This invention relates to a method and apparatus for integrating data transform test with a data transform tool such as one based on extract transform load (ETL) or extract load transform (ELT) architectures.
At its simplest level a data transform job is a process that will read data from one source (such as a database), transform it (for example, remove trailing spaces), and finally write it to a target (such as a file). In a large organization, a given data transform job environment may have thousands of jobs that are relied on to run the organization. Since such jobs have a critical nature there is understandably a significant investment in terms of both time and resource needed to ensure these jobs produce the correct results.
The typical life-cycle for a set of data transform jobs is to move from a development system where they are first created, to a formal test system where they are verified to be functionally correct, and finally to a production system where they ‘go live’ and are run as part of an automated schedule.
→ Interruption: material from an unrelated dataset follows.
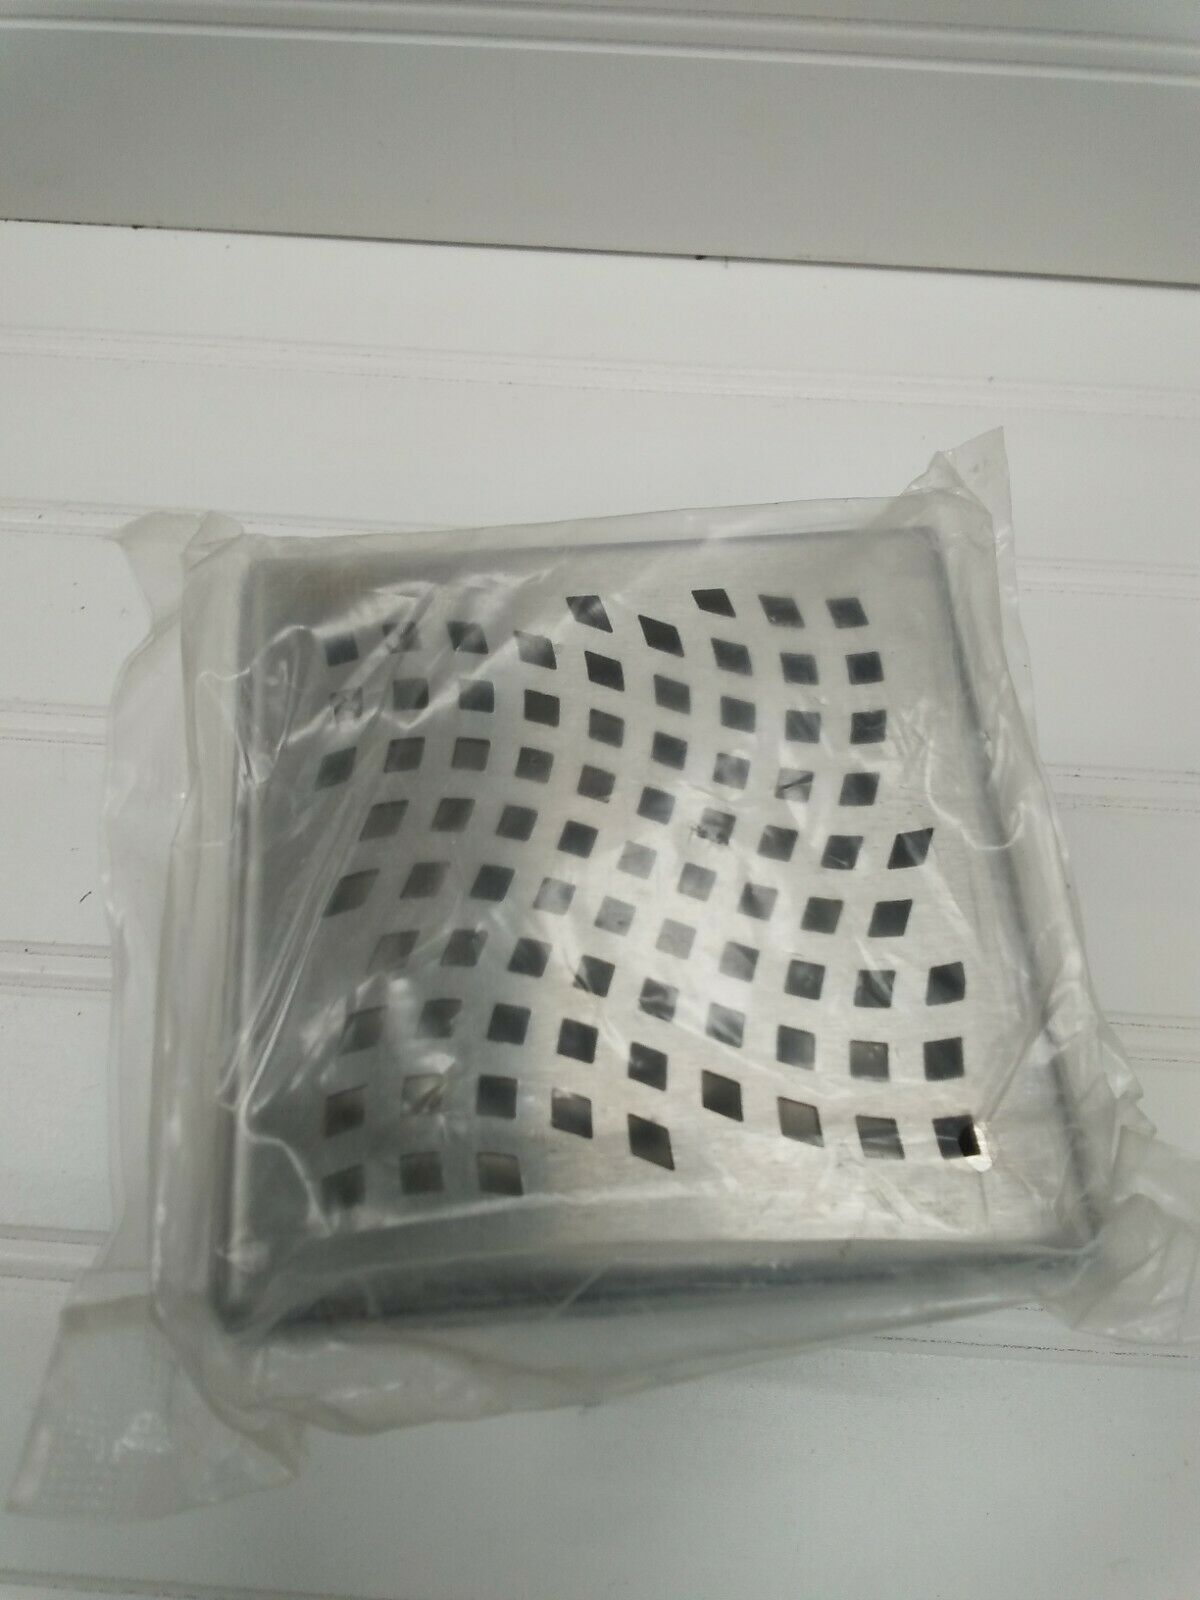 Designline 4. X 4 In. Stainless Steel Square Shower Drain Wave Pattern Drain

Any subsequent modification to these jobs requires they go back to the development system, then re-verified on the test system, before they can be moved back on to the production system.
A reasonably sized project consisting of a few hundred jobs can require many months in a test phase and a lot of this time is spent simulating the production environment and where necessary sending jobs back to the development environment to fix defects. Every job that has a defect needs to be fixed and re-tested, often requiring downstream jobs to also be re-tested. The main downside of such an iterative development and testing cycling is the time it takes to verify all jobs are functionally correct and can therefore be moved into the production environment. Managing change control can also be a big problem. For example, if jobs that are in production need to be modified to cope with changes to business requirements then development and test cycle needs to be restarted. This creates delays in implementing the business changes and has the risk that unrelated functionality that is relied upon is inadvertently broken. Job developers will typically perform ad-hoc unit testing of the logic in their jobs before passing them over for a formal testing phase. This can be done by creating temporary copies of the job instead.